> **Exercise instructions**
Where the data below begins, start duplicating lines exactly, and finish with the line containing "Jurassic world rinkinys: Nuožmūs"; add nothing else. Leave the pictures out.

> **Given records**
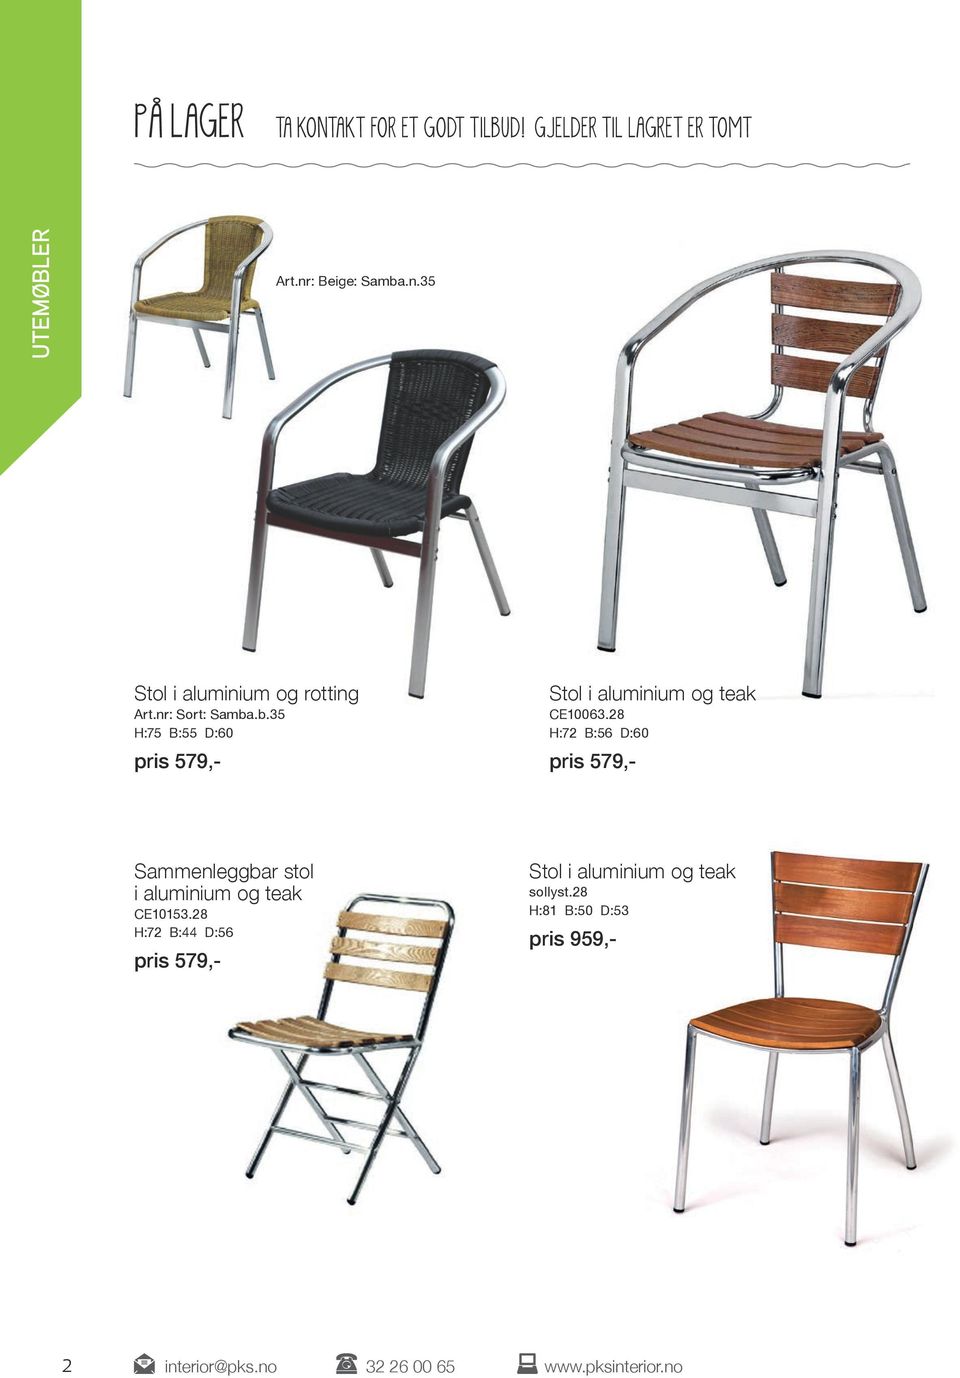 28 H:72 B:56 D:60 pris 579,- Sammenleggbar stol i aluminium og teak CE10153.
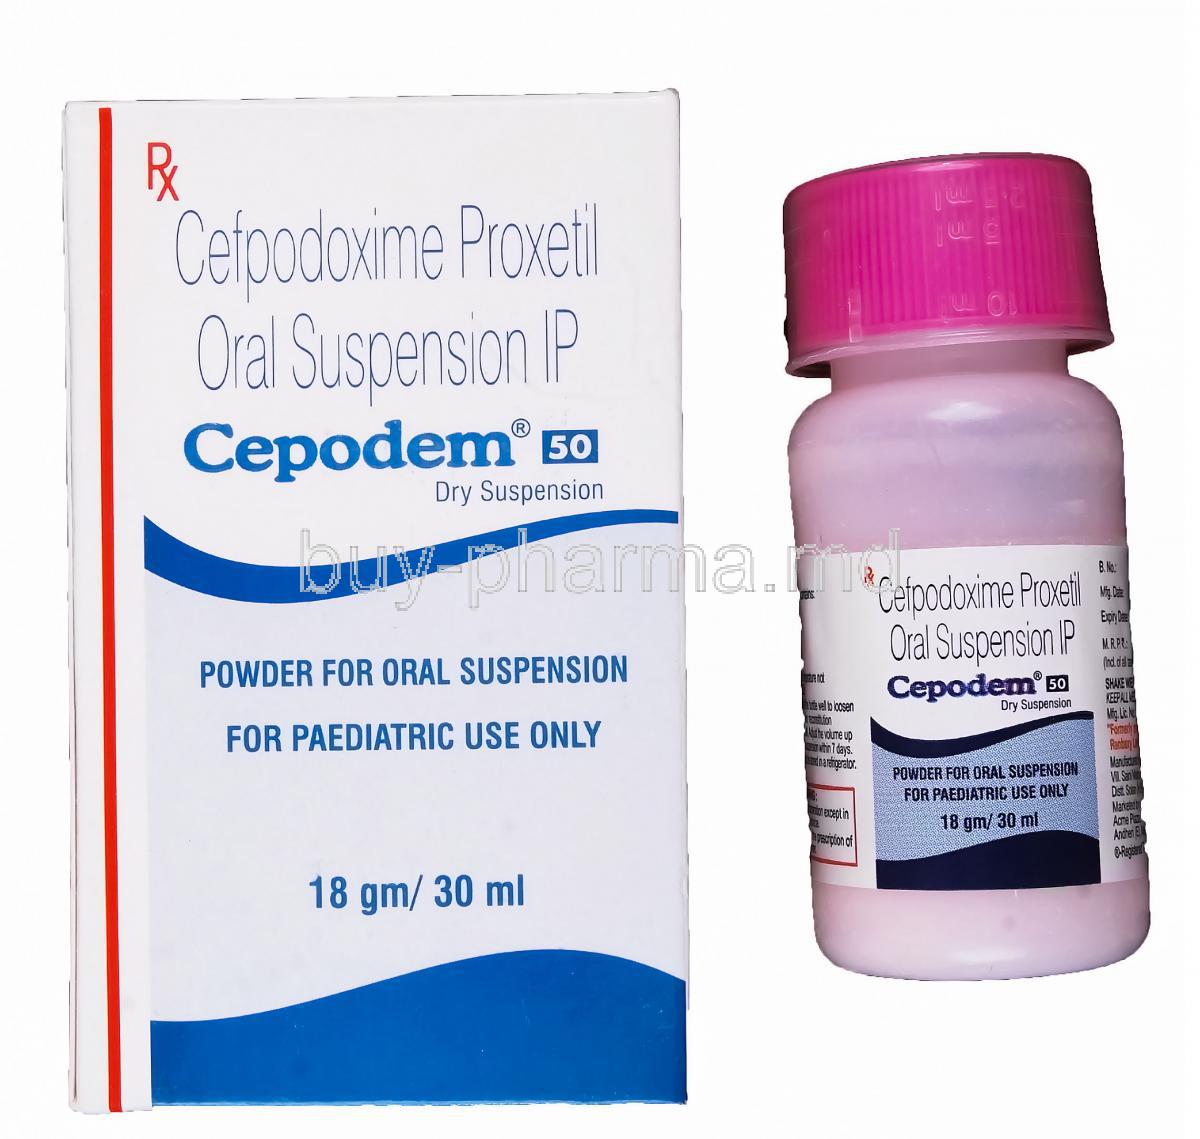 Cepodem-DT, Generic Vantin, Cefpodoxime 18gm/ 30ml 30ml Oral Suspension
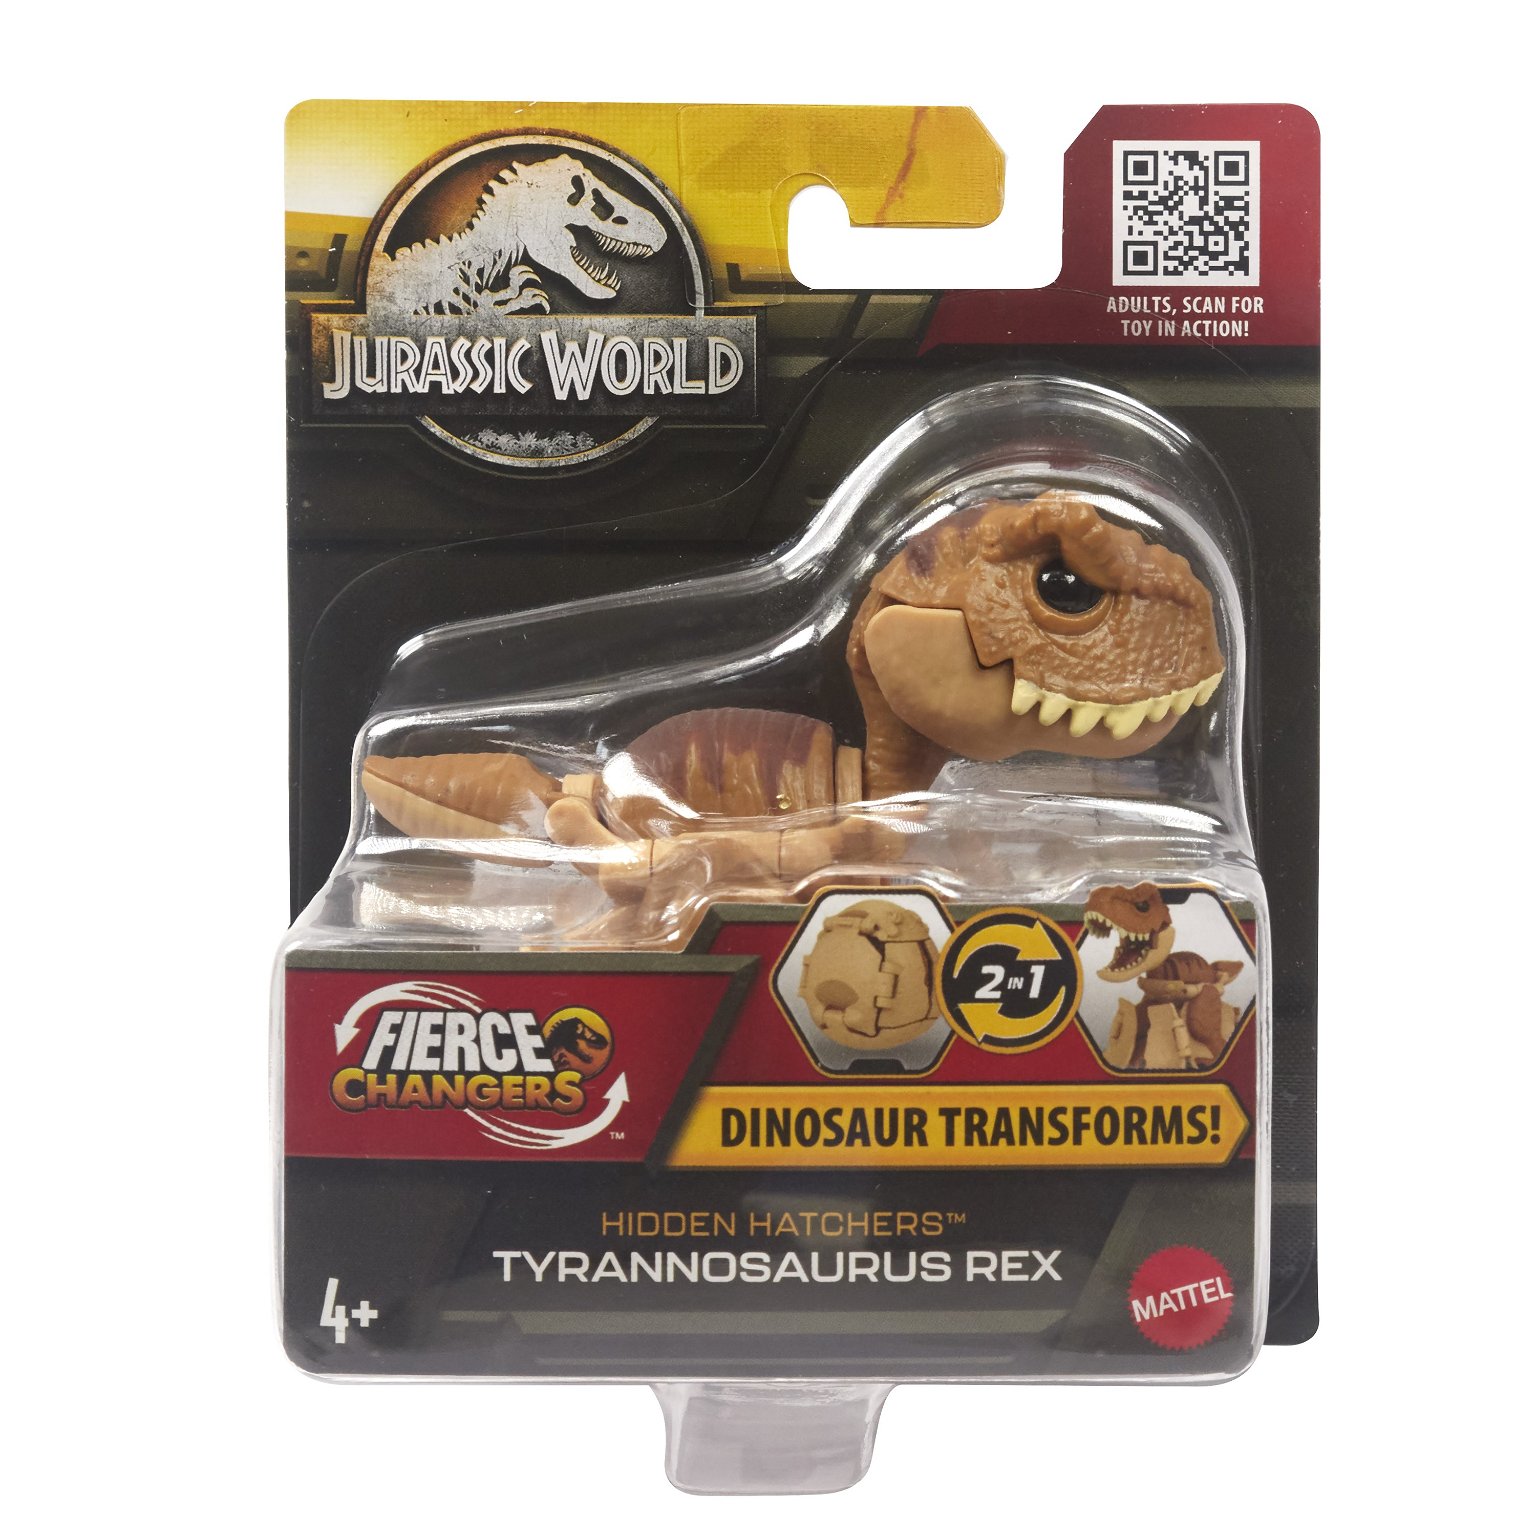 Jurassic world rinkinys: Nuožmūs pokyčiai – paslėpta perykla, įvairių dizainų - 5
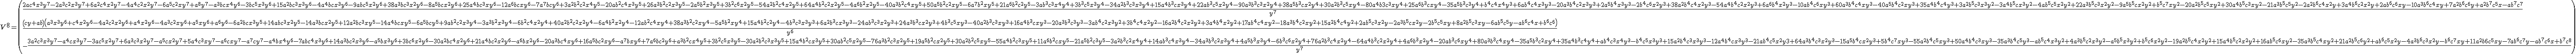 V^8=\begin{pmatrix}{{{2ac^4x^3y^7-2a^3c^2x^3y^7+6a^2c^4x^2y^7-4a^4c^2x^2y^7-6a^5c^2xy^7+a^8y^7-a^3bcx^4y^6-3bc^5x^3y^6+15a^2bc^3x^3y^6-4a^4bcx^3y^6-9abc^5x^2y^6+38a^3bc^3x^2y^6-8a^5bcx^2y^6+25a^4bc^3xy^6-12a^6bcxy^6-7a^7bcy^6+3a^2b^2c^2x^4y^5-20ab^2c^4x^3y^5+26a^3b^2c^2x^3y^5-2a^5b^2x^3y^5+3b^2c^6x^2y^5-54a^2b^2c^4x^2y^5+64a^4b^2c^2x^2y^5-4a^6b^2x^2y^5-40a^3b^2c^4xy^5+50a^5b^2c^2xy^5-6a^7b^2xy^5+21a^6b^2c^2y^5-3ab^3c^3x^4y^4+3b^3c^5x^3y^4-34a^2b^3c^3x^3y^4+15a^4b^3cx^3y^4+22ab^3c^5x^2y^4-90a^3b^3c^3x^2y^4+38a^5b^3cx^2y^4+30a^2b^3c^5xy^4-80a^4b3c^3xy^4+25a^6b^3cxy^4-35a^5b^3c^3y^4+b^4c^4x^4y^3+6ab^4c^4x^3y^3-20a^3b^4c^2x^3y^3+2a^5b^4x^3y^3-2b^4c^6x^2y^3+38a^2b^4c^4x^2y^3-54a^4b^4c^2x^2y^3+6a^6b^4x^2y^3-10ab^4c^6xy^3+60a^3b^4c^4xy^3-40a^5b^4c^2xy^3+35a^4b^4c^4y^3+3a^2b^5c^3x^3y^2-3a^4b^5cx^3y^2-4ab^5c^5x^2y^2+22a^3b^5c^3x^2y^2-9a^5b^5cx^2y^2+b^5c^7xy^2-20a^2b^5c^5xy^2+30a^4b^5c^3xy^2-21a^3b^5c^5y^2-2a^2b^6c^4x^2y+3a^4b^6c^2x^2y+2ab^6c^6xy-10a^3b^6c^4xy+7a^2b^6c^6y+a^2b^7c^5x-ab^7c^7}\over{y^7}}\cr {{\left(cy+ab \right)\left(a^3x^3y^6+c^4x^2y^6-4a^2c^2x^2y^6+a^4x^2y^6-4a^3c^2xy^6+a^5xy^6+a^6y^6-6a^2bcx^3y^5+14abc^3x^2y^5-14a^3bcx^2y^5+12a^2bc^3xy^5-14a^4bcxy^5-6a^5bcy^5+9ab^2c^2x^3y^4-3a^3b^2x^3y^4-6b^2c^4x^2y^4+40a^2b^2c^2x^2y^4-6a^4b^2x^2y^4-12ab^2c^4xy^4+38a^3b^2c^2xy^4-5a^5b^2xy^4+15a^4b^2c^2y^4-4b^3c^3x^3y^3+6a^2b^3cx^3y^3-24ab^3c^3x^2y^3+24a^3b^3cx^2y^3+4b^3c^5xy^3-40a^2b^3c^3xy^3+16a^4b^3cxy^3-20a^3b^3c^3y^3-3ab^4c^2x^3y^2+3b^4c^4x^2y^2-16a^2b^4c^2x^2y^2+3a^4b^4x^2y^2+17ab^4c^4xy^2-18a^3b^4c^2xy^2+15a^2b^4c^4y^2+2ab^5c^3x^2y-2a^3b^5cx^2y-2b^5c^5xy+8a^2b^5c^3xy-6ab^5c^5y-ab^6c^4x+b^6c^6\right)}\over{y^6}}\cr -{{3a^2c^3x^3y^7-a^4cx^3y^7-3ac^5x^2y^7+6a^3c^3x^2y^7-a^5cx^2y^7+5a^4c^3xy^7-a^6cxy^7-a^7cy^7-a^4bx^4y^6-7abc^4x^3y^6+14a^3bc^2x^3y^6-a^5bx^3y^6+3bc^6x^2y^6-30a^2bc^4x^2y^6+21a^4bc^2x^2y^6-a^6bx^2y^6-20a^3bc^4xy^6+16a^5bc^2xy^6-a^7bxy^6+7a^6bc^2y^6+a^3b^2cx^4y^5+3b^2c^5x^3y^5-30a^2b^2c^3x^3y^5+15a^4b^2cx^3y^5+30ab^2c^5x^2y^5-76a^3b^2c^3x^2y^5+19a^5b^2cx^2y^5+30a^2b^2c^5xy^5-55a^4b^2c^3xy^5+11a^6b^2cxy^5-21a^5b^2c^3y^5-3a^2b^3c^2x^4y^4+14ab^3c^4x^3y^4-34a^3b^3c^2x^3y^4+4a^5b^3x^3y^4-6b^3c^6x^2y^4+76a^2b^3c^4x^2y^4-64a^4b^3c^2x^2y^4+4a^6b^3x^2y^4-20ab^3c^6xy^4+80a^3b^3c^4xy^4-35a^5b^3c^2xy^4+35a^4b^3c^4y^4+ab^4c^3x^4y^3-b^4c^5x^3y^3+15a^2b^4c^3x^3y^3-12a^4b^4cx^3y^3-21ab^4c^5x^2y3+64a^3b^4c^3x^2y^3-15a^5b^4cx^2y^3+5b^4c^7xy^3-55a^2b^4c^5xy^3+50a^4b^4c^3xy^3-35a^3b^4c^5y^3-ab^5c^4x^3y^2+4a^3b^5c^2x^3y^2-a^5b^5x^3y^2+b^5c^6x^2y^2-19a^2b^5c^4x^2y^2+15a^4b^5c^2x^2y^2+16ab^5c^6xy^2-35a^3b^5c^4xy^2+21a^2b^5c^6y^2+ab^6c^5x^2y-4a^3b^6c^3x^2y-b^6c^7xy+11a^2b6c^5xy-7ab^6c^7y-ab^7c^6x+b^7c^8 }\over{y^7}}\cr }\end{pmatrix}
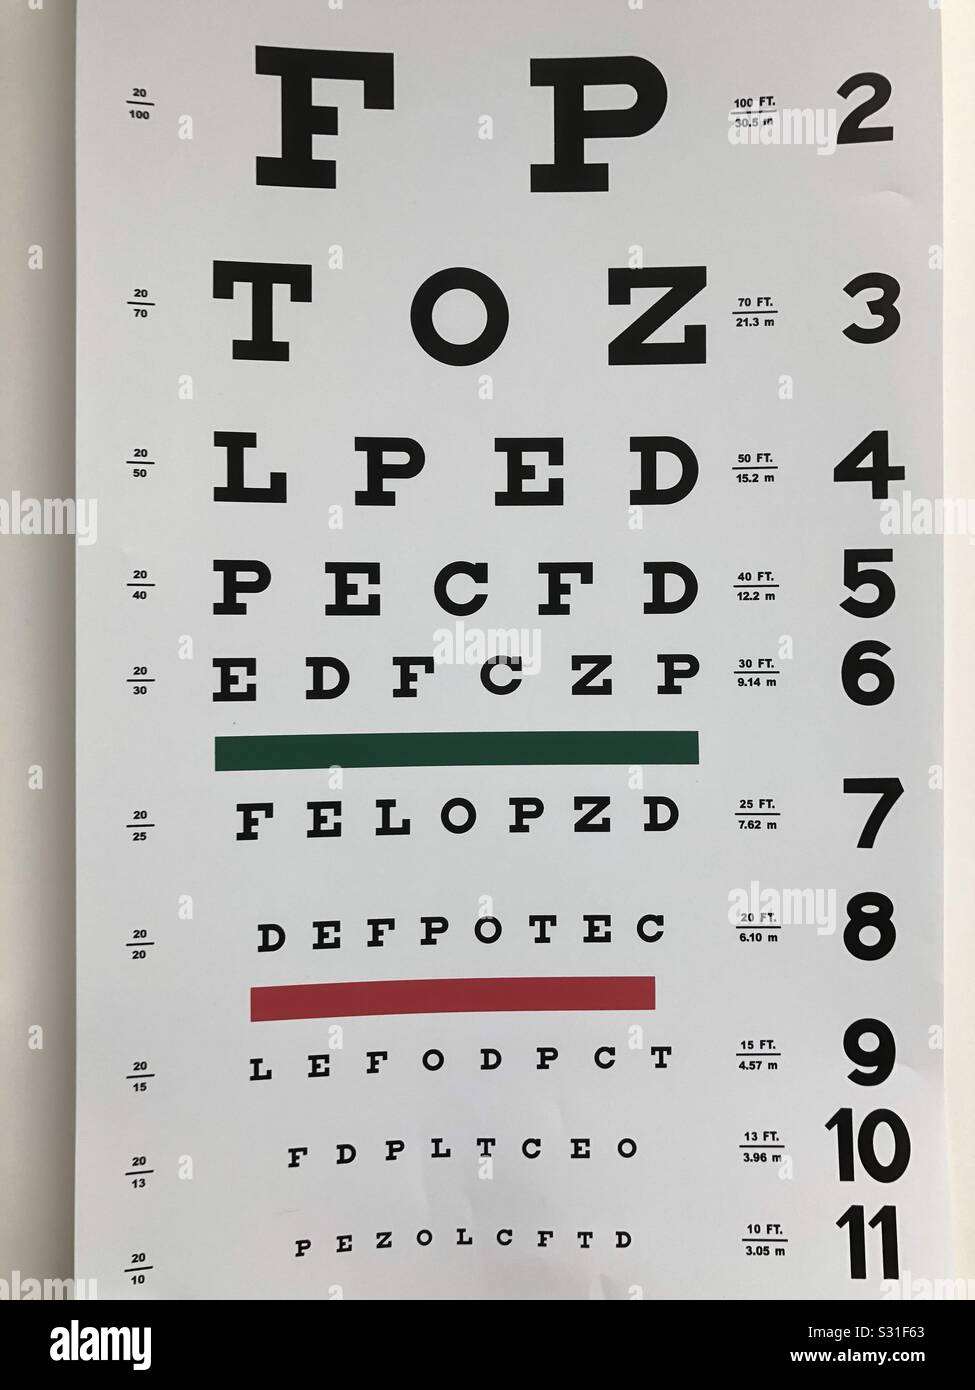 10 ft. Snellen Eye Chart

> **Worked solution**
 28 H:72 B:56 D:60 pris 579,- Sammenleggbar stol i aluminium og teak CE10153.
 Cepodem-DT, Generic Vantin, Cefpodoxime 18gm/ 30ml 30ml Oral Suspension
 Jurassic world rinkinys: Nuožmūs pokyčiai – paslėpta perykla, įvairių dizainų - 5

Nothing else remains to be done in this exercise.